Compiled by Paul Greaney, June 2018
This month marks the 90th anniversary of the death of Seamus Ó Maoildhia, or Seamus O’Mulloy, of Cloonboo. Born in 1881 to Seaghán Ó Maoildhia and Bríghid Ní Áinin, Seamus received only four years of formal education, but exhibited a keen interest in the Irish language from an early age. He was appointed as a teacher by Conradh na Gaeilge aged 19 years, teaching first in Ballaghderreen and later throughout Mayo, Sligo and Leitrim. He was acquainted through his work with Douglas Hyde, later first President of Ireland, and assisted him greatly in collecting songs and stories at the beginning of the Gaelic Revival.
He later became an organiser for the United Irish League, losing this position when the Irish Parliamentary Party was decimated in the 1918 General Election. He afterwards oversaw the overthrowing of the ineffectual board of truestees of the Loughs Corrib, Mask and Carra Drainage Board, and was elected to the board following this, regularly calling attention to the neglect of the Corrib drainage in the 1920s. He stood at the general election in June 1927, and his failure to secure a seat, together with the death in 1926 of his brother, brought about a severe depression which exasperated his already poor health. He died on 22 June 1928 at the young age of 46 years. Later, in 1940, his sister Sighle, herself a noted Irish teacher, collected and published his poems and songs as ‘Dánta agus Amhráin’.
One of his songs, Amhrán Feise Mhuigheo, has been adapted by Scoil Acla as Teanga Bhinn ár Máthar, and has been translated into Scottish Gaelic and recorded by the well-known traditional singer, Kathleen MacInnes. The air for Teanga Bhinn ár Máthar was composed by John ‘Twin’ McNamara of Achill, mainly to the words of Ó Maoildhia’s Amhrán Feise Mhuigheo, with a few changes. It features in this video from the 2016 Achill Harp Festival which credits Ó Maoildhia in the video info.

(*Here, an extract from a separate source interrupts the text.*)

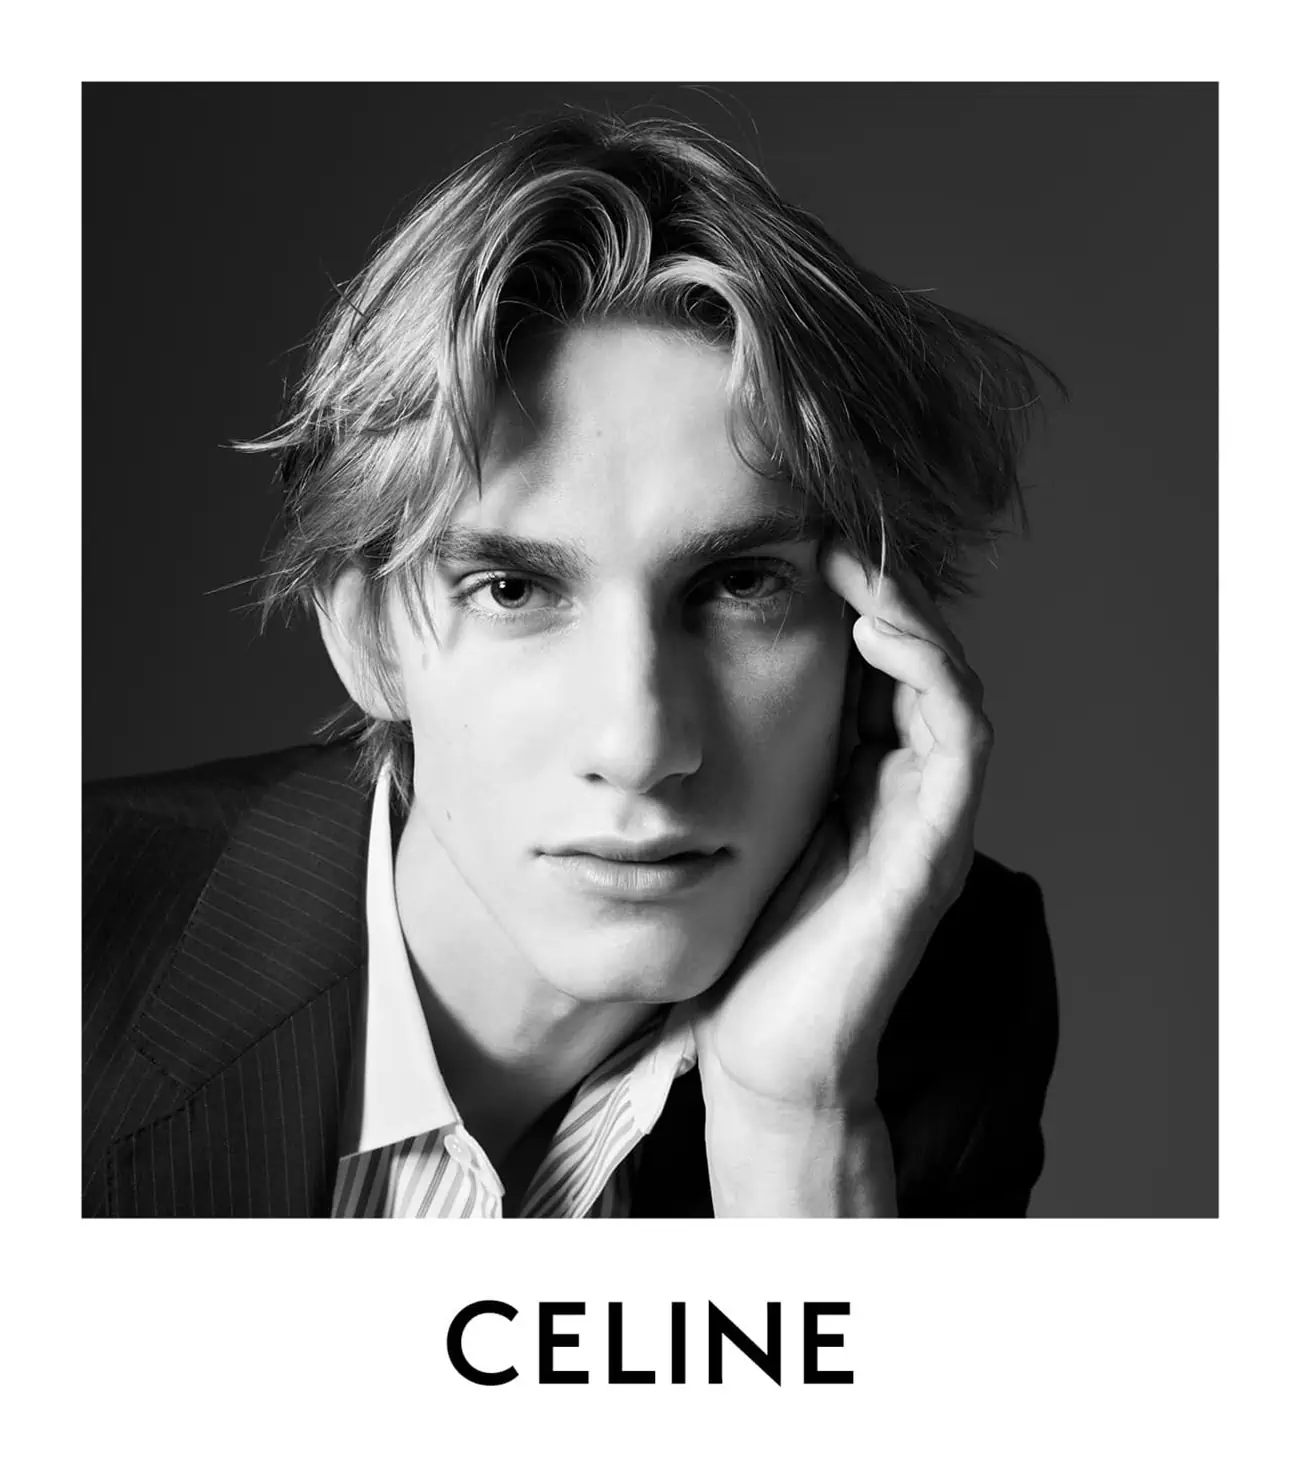 Levon Roan Thurman-Hawke stars in Celine Homme “Portrait of an Actor” campaign

Extract translated from Dánta agus Amhráin (Oifig an tSoláthair, 1940)
Séamus Ó Maoildhia, Cluain Bua
An account of the Author
It was in Cloonboo, in Annaghdown Parish, Co. Galway, that Séamus Ó Maoildhia was born in September 1881. His father was a poor farmer and had eight other children to rear on the produce of his small piece of land. He was therefore not able to do anything for Séamus; that is, to send him to College or otherwise. He spent only four years at school, but he had an extraordinary mind.
He had a huge respect for Irish and worked hard for its promotion from once he was able to read and write. He went to Ballaghaderreen teaching for Conradh na Gaeilge before he was 20 years old. He spend about four years teaching in Mayo, Sligo, and Leitrim. He was known at every feis and aeraíocht in Connaught, as well as the Oireachtas. It’s many the prize he won for his essays, poems, and orations. It was during this time that he composed most of the poems in this book (Dánta agus Amhráin). He won a gold medal for one of them at the Connaught Feis.

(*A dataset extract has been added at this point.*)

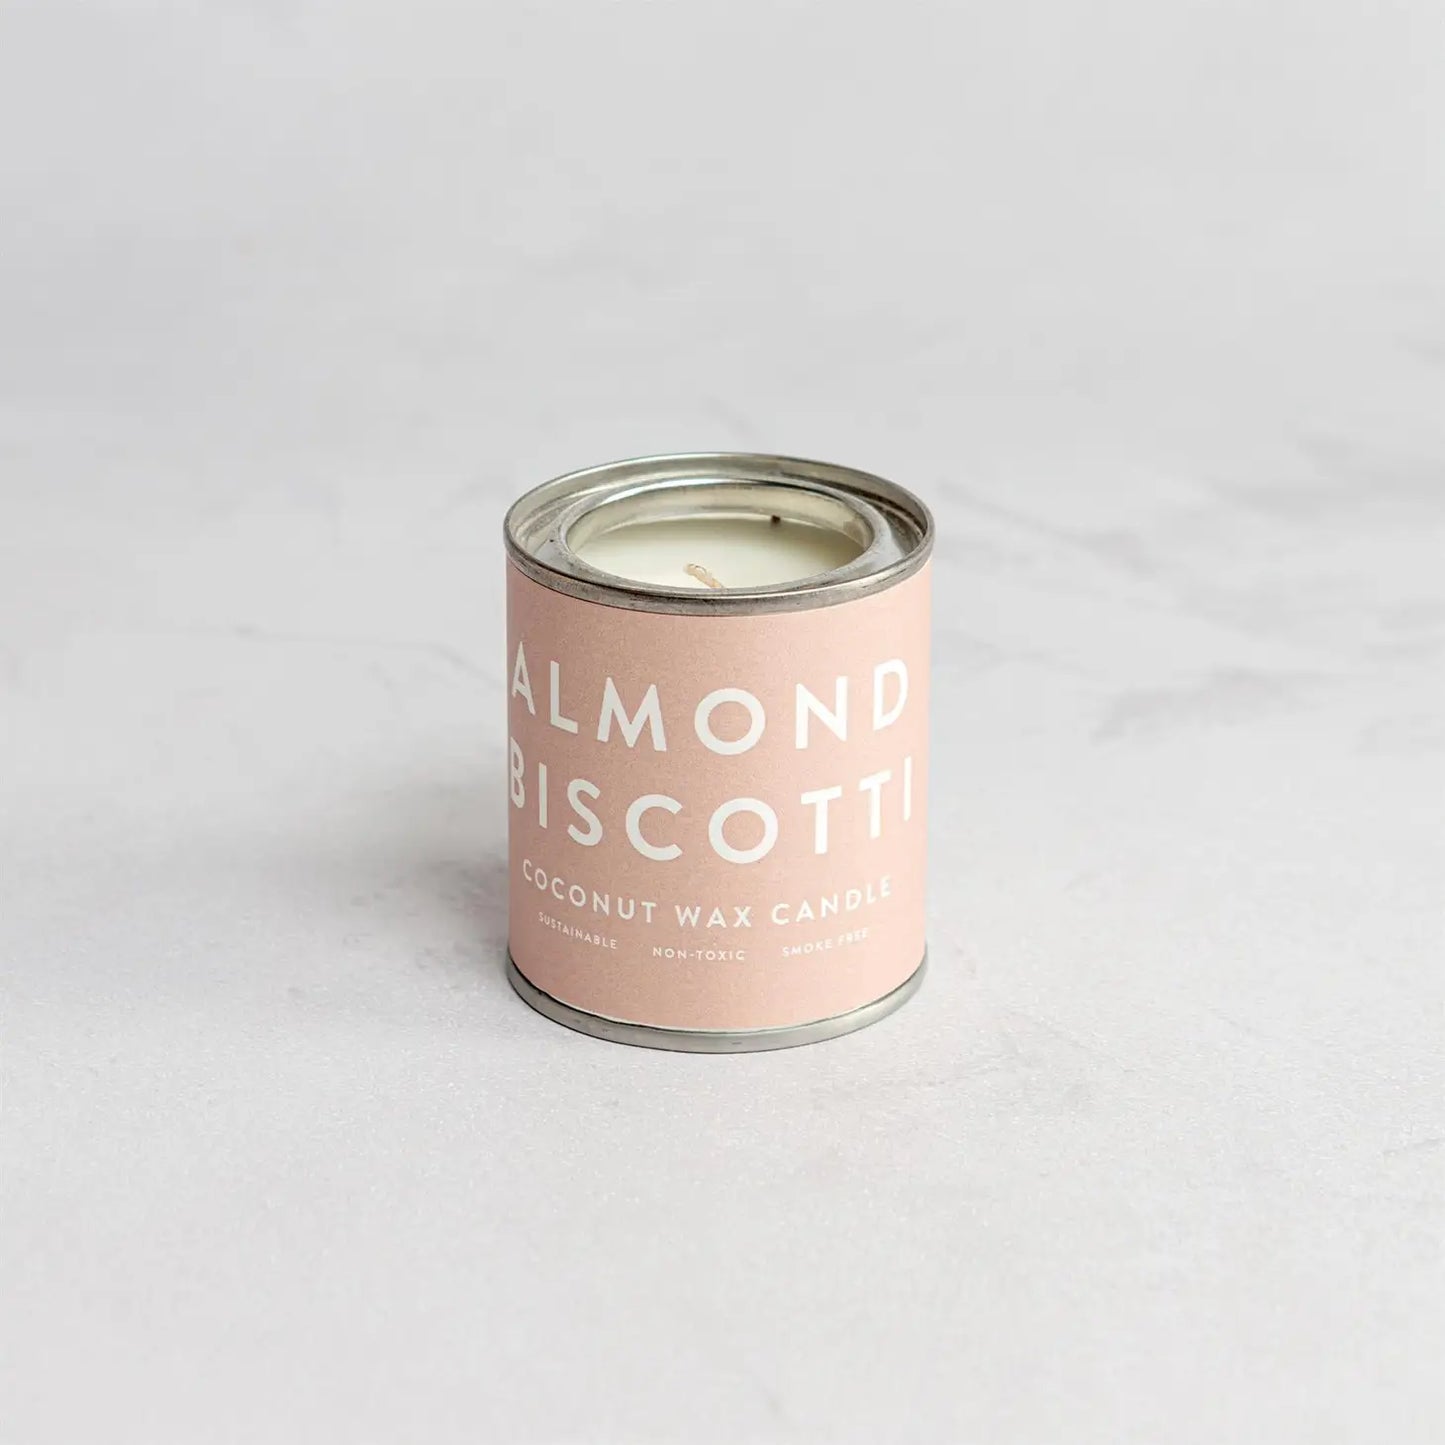 Almond Biscotti Mini Conscious Candle

He was unequalled in the skill of oration. His Irish grammar was impeccable and he had fluent Irish conversation at his fingertips. An Craoibhín [Douglas Hyde] said he was one of the most fluent speakers in Ireland.
He collected many stories and songs from the oral tradition of the old people, and he sent them to An Craoibhín when he began the Gaelic Revival. He was selected as an inspector for the Land Commission over thirty years ago and he worked hard on behalf of farmers for twenty years. There wasn’t a parish around the West of Ireland or County Clare that he wasn’t known in. He lost this position after the General Election of 1918 and didn’t succeed in gaining any paid employment after that. When summer courses were started for teachers, he was appointed as a teacher and he did good work there for the Irish language.
Readers of the newspapers should remember the pieces written by “An Connachtach Béal-Bhinn” [the Sweet-Tongued Connaughtman] or “Sean-Ghaeilgeoir” [old Irish speaker]. In particular, he wrote for the Connacht Tribune for twenty years.
Alas! Séamus is gone now for ten years. He died in Cloonboo on 22 June 1928. God grant him the light of Heaven. I am grateful to Fr S.S. MacSíocháin, S.J., Galway, who helped me in putting this book together, and to Conradh na Gaeilge, who gave permission for reprinting the two songs (12, 13), which were first published in An Claidheamh Soluis.
Síghle Ní Mhaoildhia (sister), 1940.